* **BRIEF**: From the data below, repeat everything exactly except the images.

* **SUPPLIED MATERIAL**:
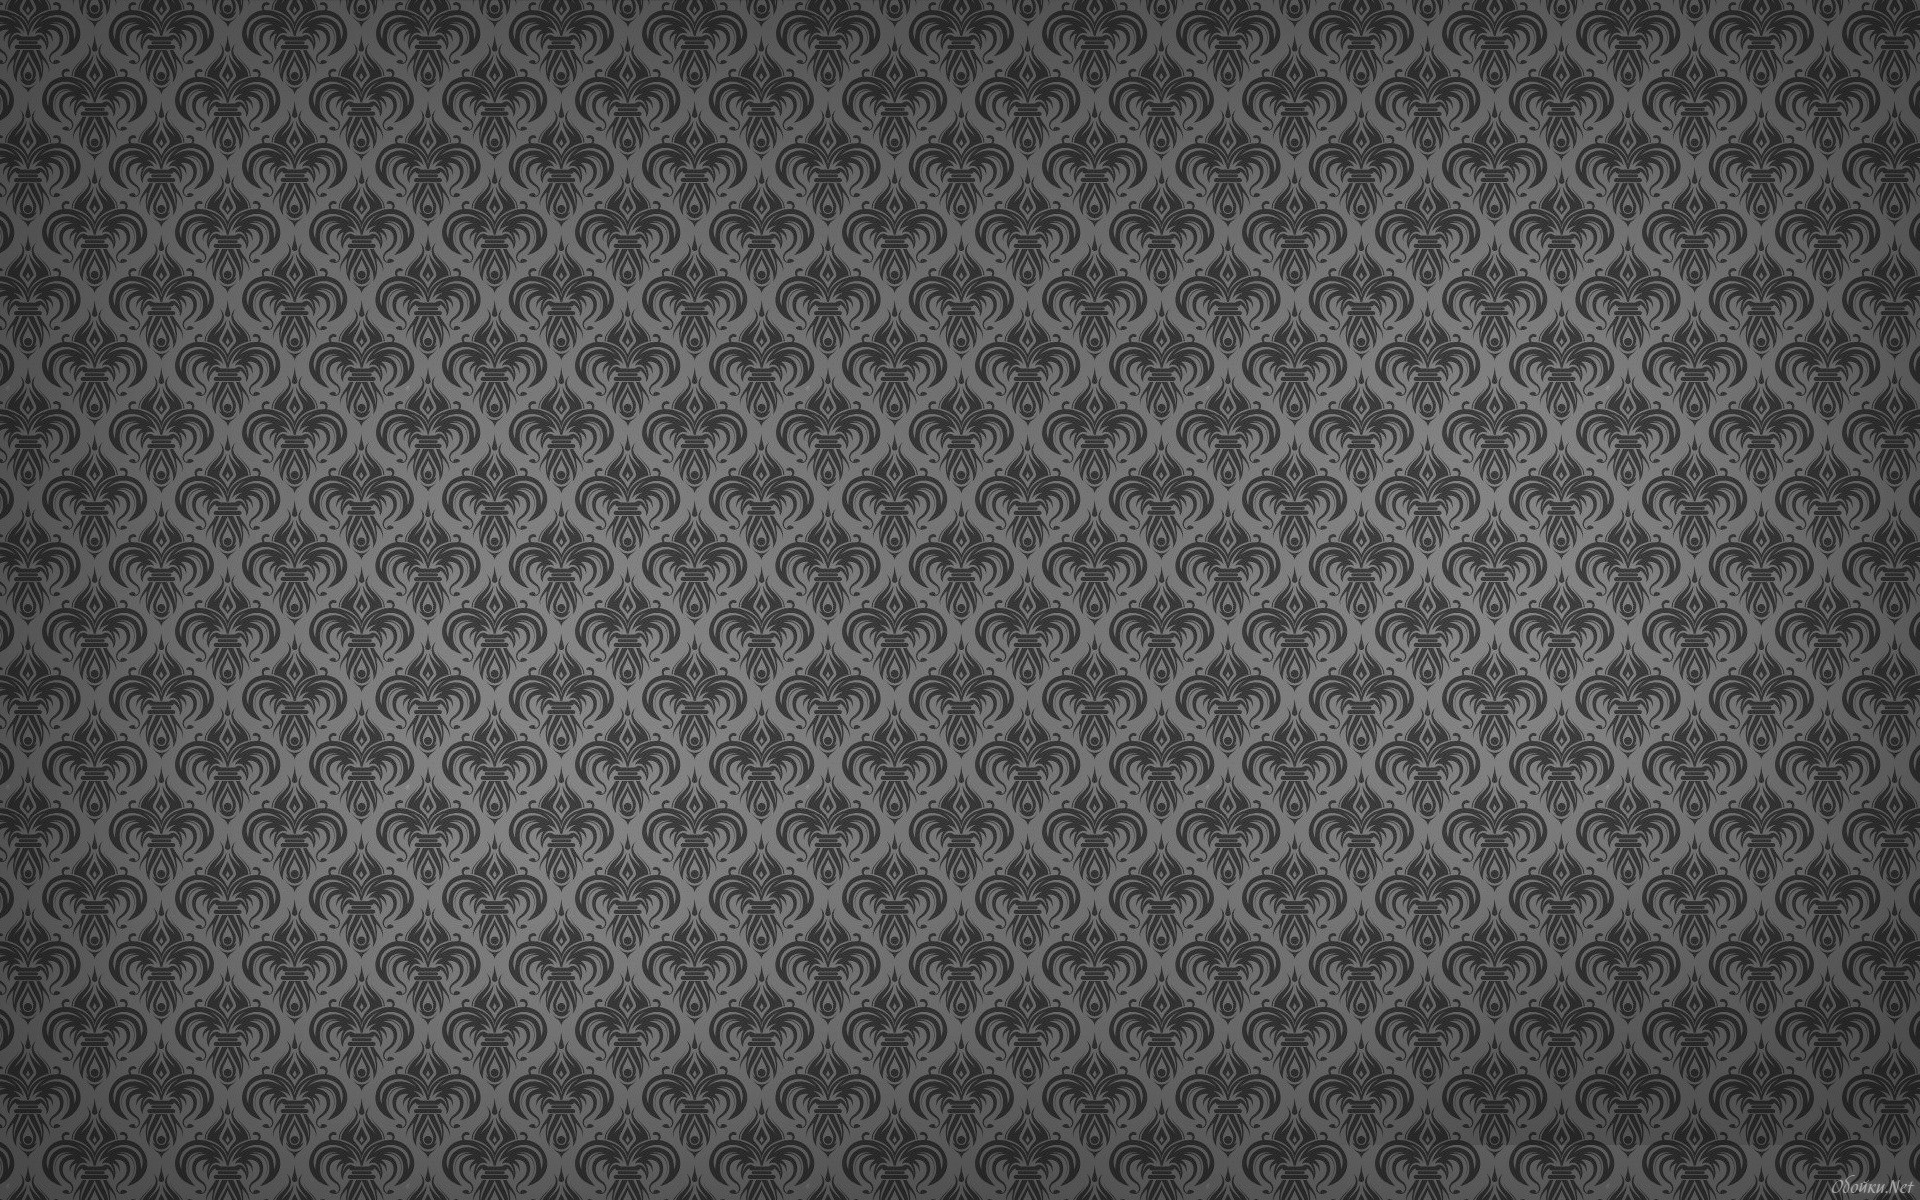 [Resim: ornaments_texture1104jbuc7.jpg]
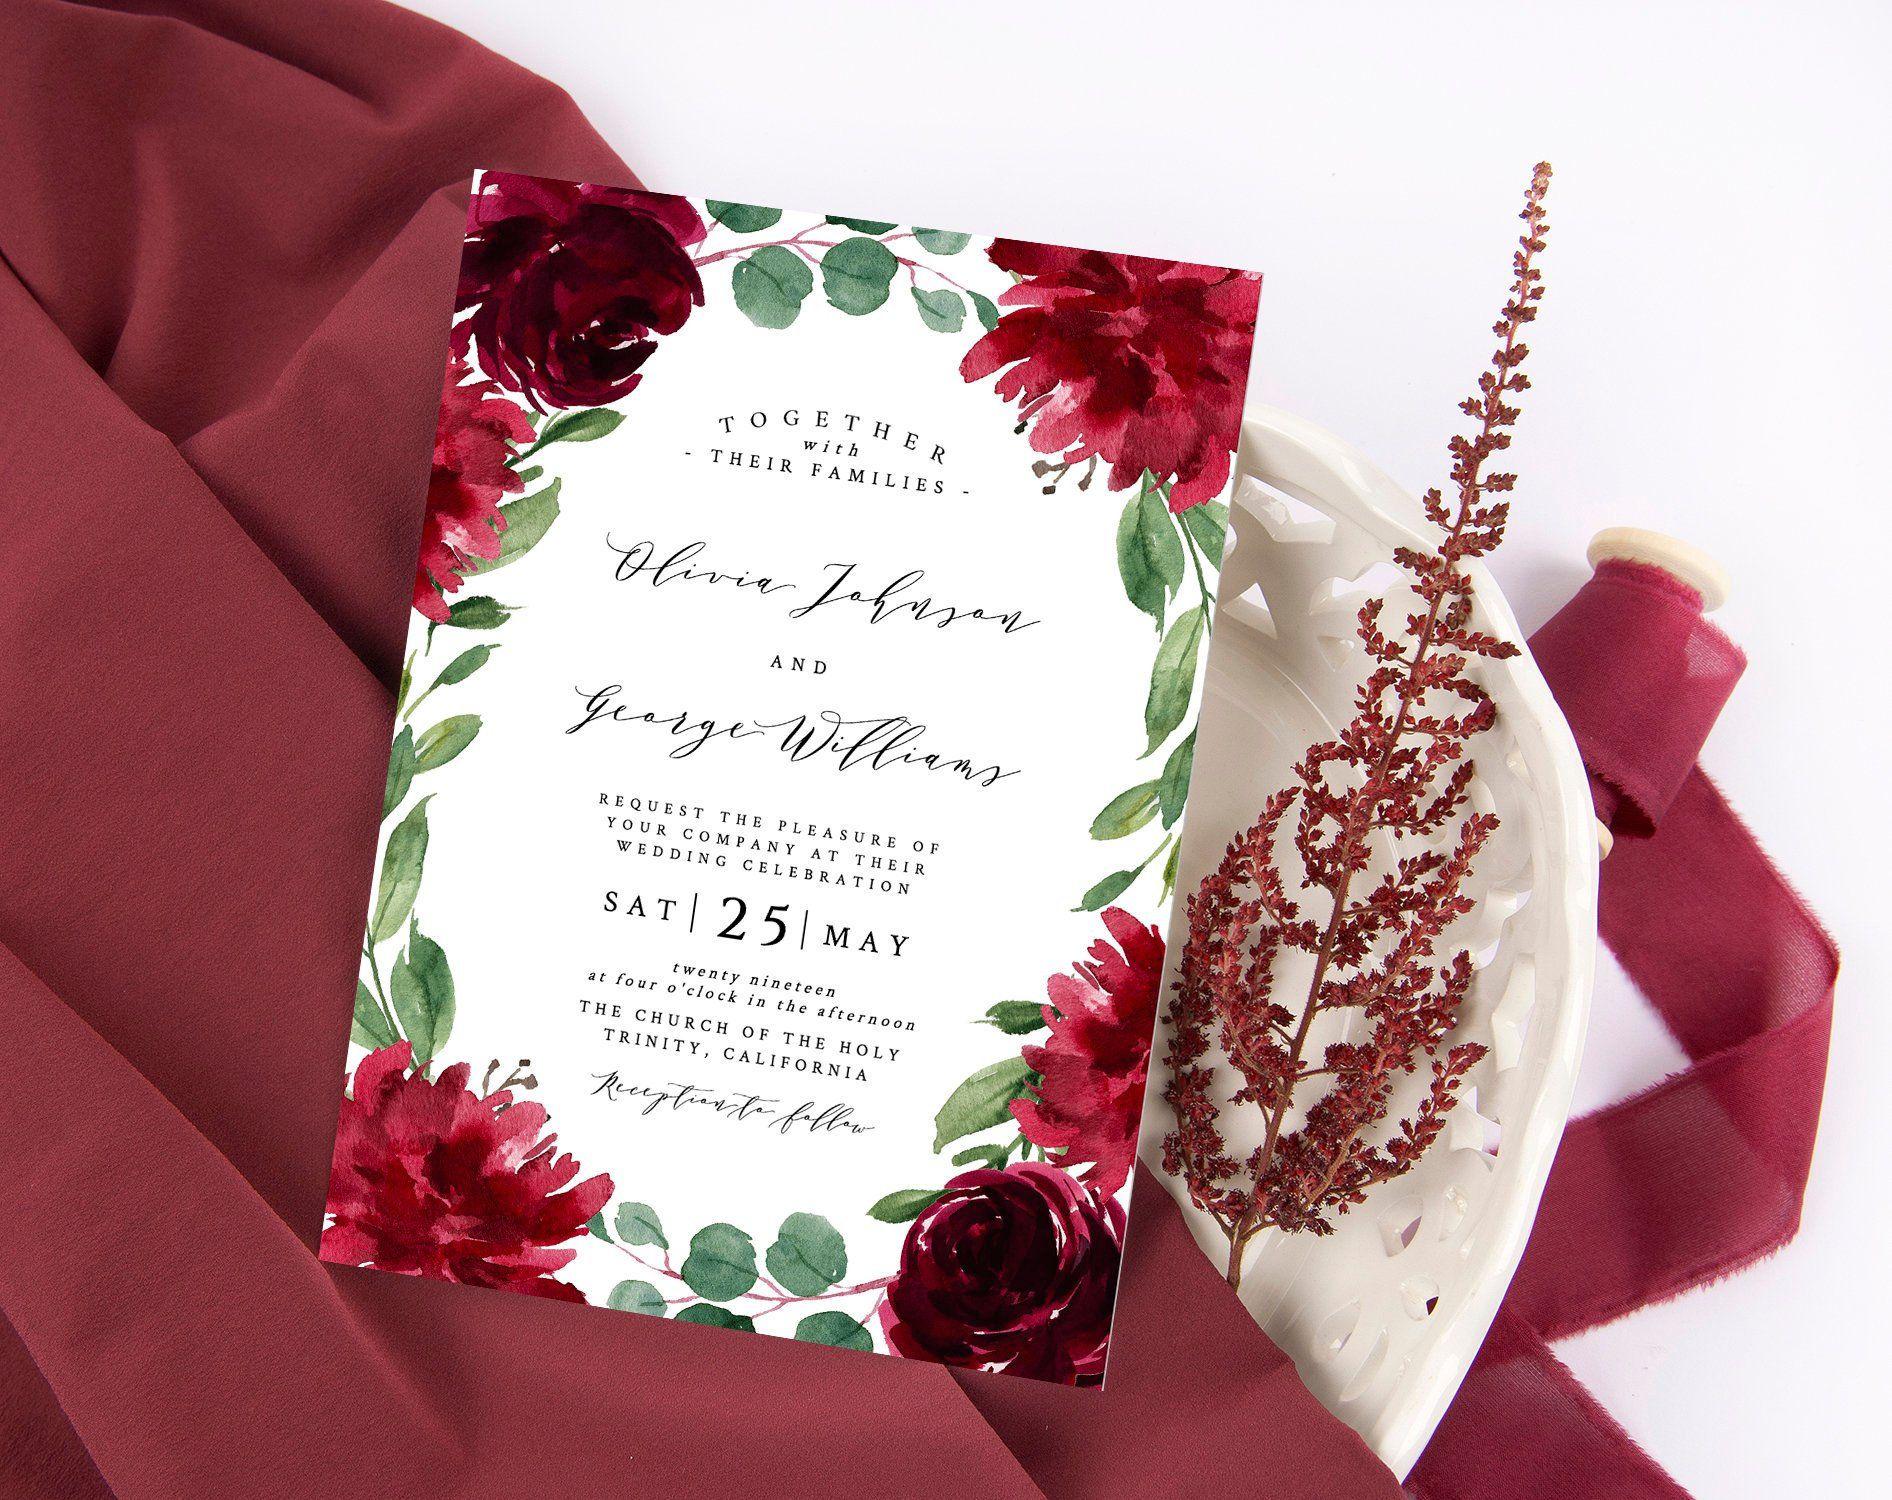 Burgundy wedding invitations suite, wedding invitation
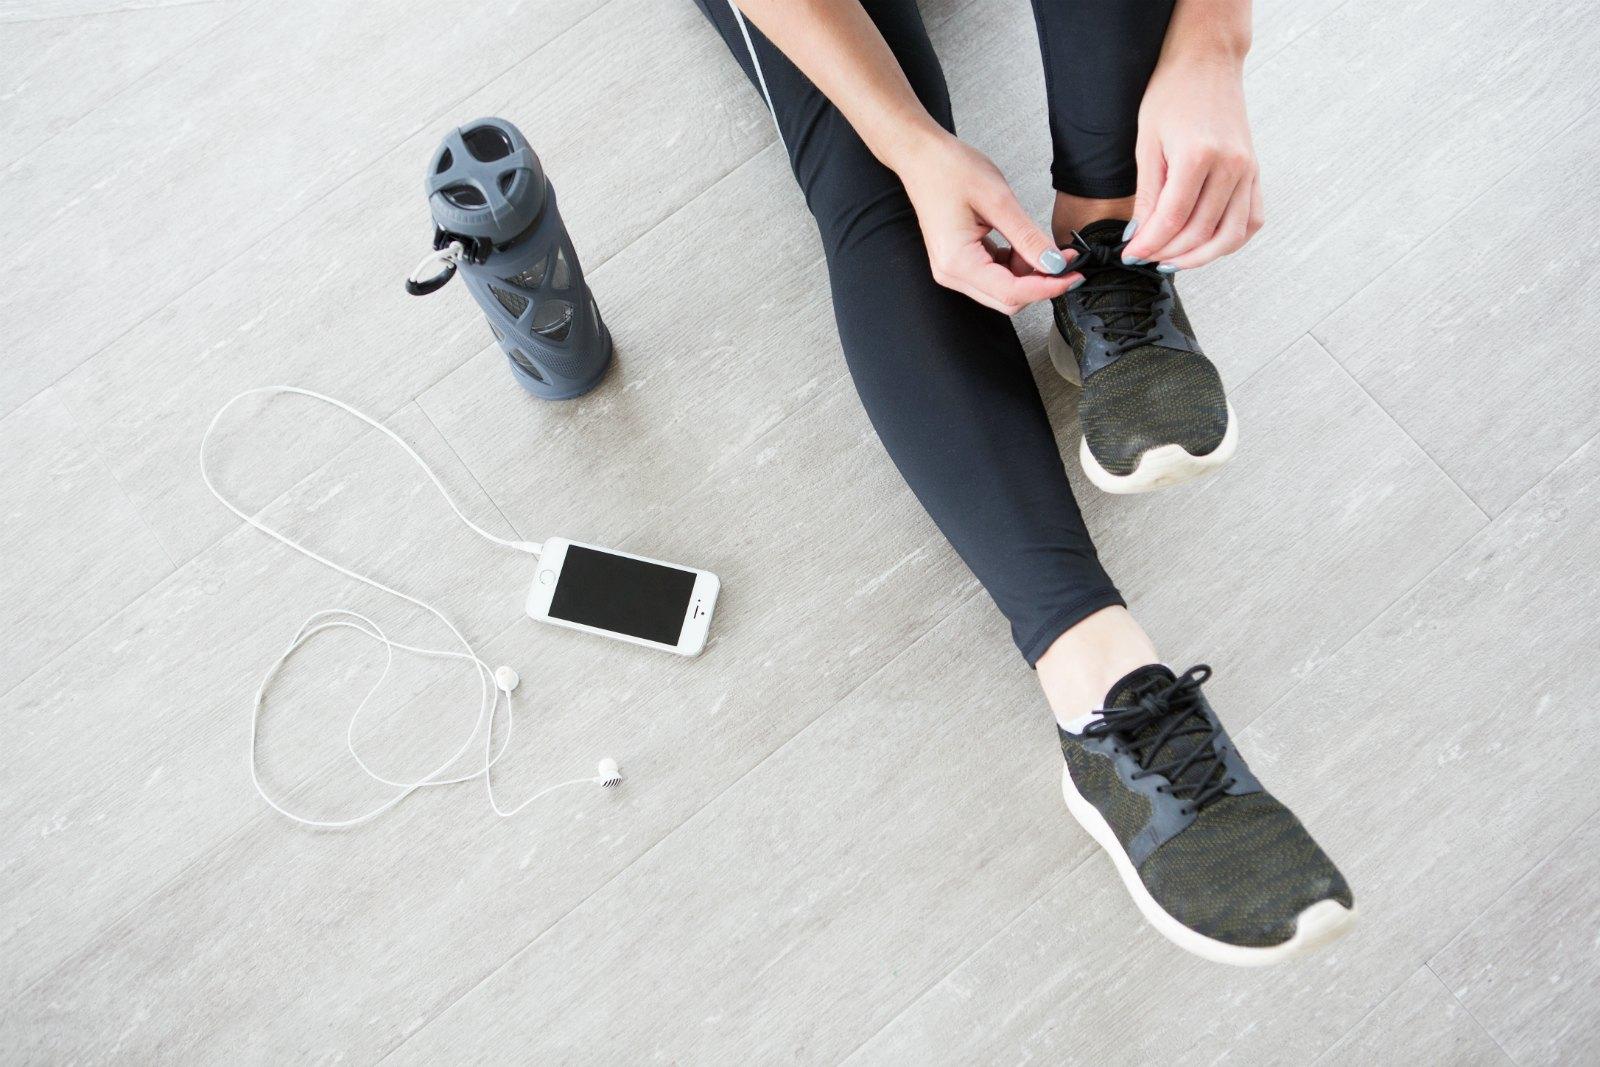 Cute Activewear BKR Spike water bottle best workout clothes zella live in leggings shop athleisure black running shoes

* **RESULT OF THIS TASK**:
 [Resim: ornaments_texture1104jbuc7.jpg]
 Burgundy wedding invitations suite, wedding invitation
 Cute Activewear BKR Spike water bottle best workout clothes zella live in leggings shop athleisure black running shoes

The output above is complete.